PA officials have been consistent in their castigations of the Trump administration, claiming it completely forfeited any role it might have had in a future peace process with its Jerusalem announcement one year ago.
Indyk also argued that Trump’s destabilizing policies in the wider Middle East – particularly his sudden withdrawal of American forces from Syria last month – would have an adverse effect on the peace process by making Israel feel too insecure to make meaningful concessions to the Palestinians.
Israeli officials have expressed alarm at the president’s policy, which calls for a full withdrawal of roughly 2,000 US troops stationed in the country’s eastern provinces. The move led Trump’s defense secretary, James Mattis, and his top counter-Islamic State official, Brett McGurk, to resign in protest.
“Instead of trying to bring the Palestinians back to the table, he has engaged in a punitive policy of eliminating aid for everything but the Palestinian security services.

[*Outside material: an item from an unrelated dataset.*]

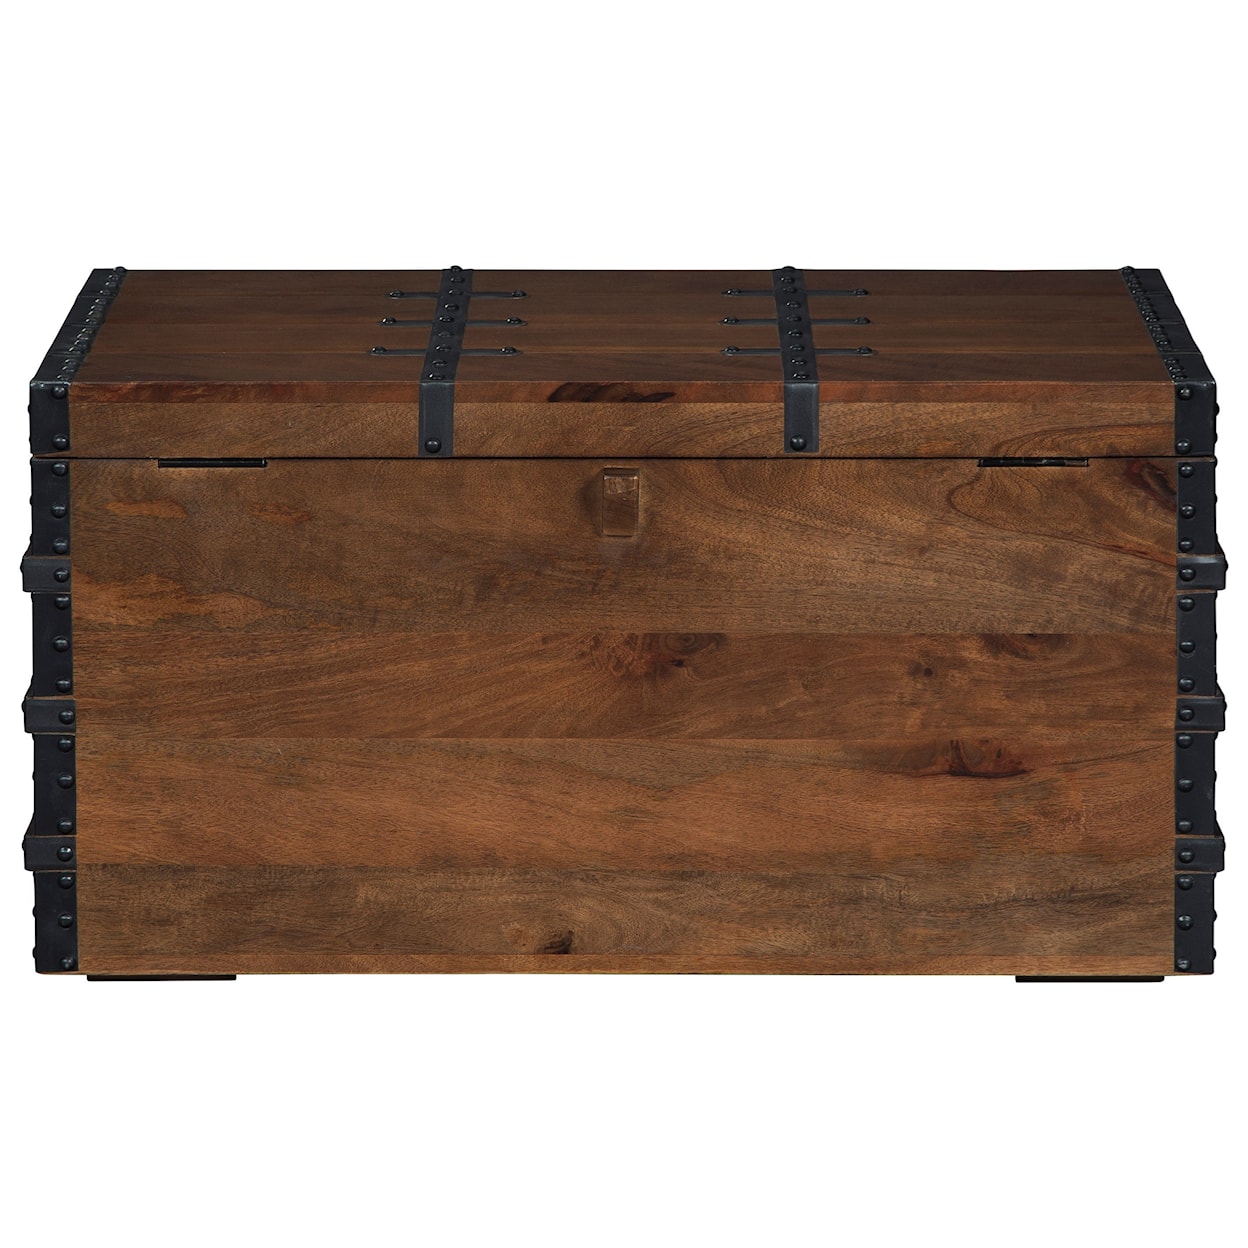 Signature Design by Ashley Kingsby Storage Trunk

Anybody who has had any experience dealing with the Palestinians could have told him that won’t work with the Palestinians, but he’s not listening to them any more than he is prepared to listen to Mattis,” said Indyk.
Even if the administration does release the plan, it is certain to wait until after Israel’s elections in April. in order to calibrate whatever it has devised to the incoming government. US officials doubt that anyone to the right of Prime Minister Benjamin Netanyahu will be capable of, or even interested in, making peace, or that anyone to his left can win – meaning the plan is likely dead without the reelection of Netanyahu, a man Palestinians fundamentally do not trust.

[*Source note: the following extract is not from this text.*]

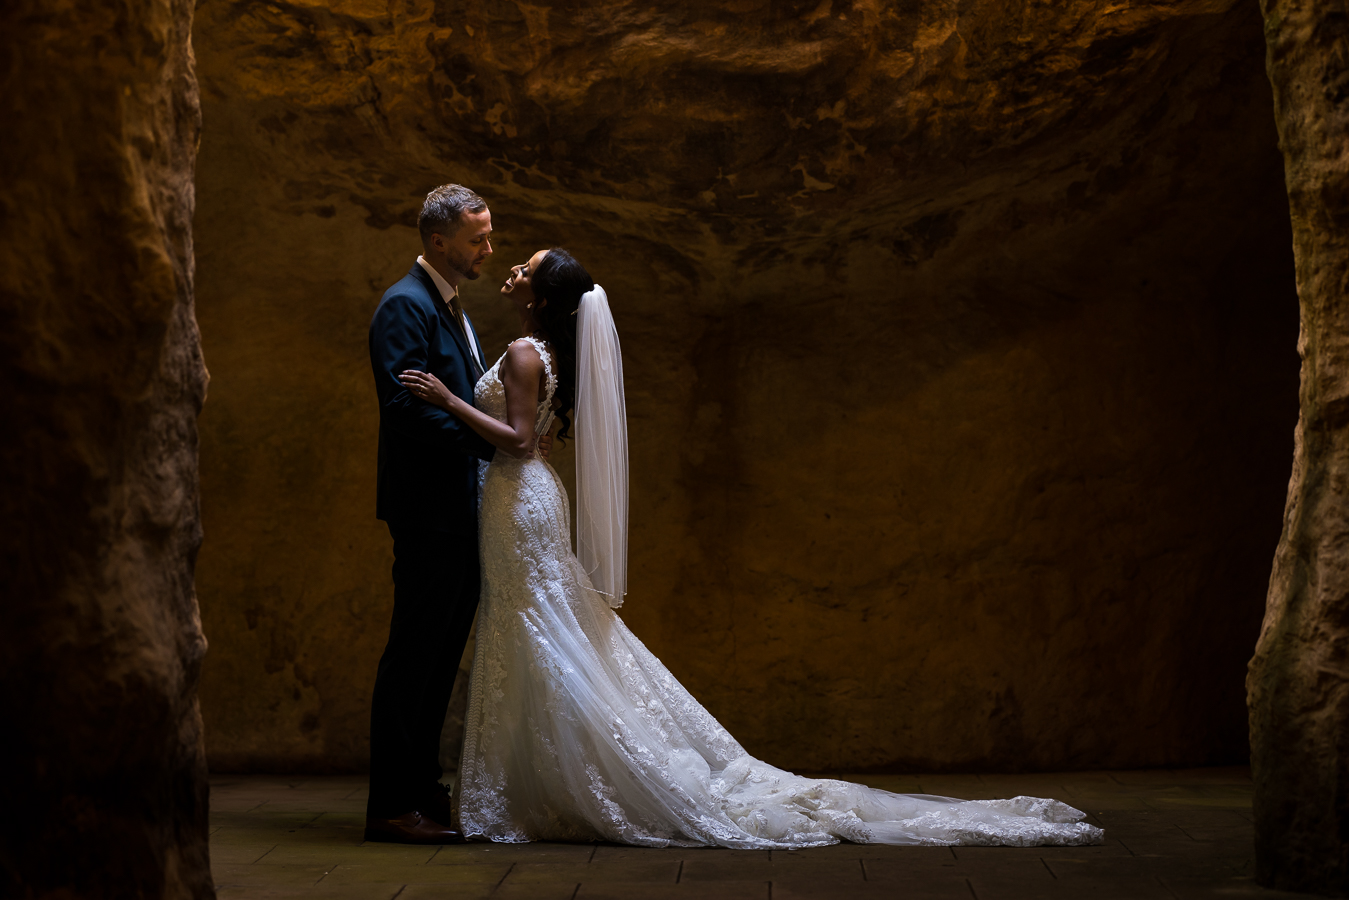 dc wedding photographer, Lisa Rhinehart, captures this image of the bride and groom hugging one another inside of a cave at st francis hall in Washington, dc during their Multicultural DC Wedding ceremony

Saudi officials told The Wall Street Journal they are uninterested in joining a peace process that would further stir the pot for Riyadh at a time when the kingdom faces unprecedented instability, in light of the brutal murder of US resident and Saudi dissident journalist Jamal Khashoggi.
And as Trump gets closer to his own reelection campaign, he will be less likely to take on risks of public humiliation, such as the total collapse of a peace effort he once hailed as his top foreign policy priority.
There are some signs the White House is readying for a launch. Haley’s comments suggest a strategic vision has taken shape. The team’s small, close-knit staff continues to train and hire new members for a public sale of the plan, and Kushner is preparing to be the public face of the effort – a rare spotlight for an aide who has long worked behind the scenes.
But the region seems to have come to the conclusion that the plan is either deferred or stillborn. It would probably be fine with either.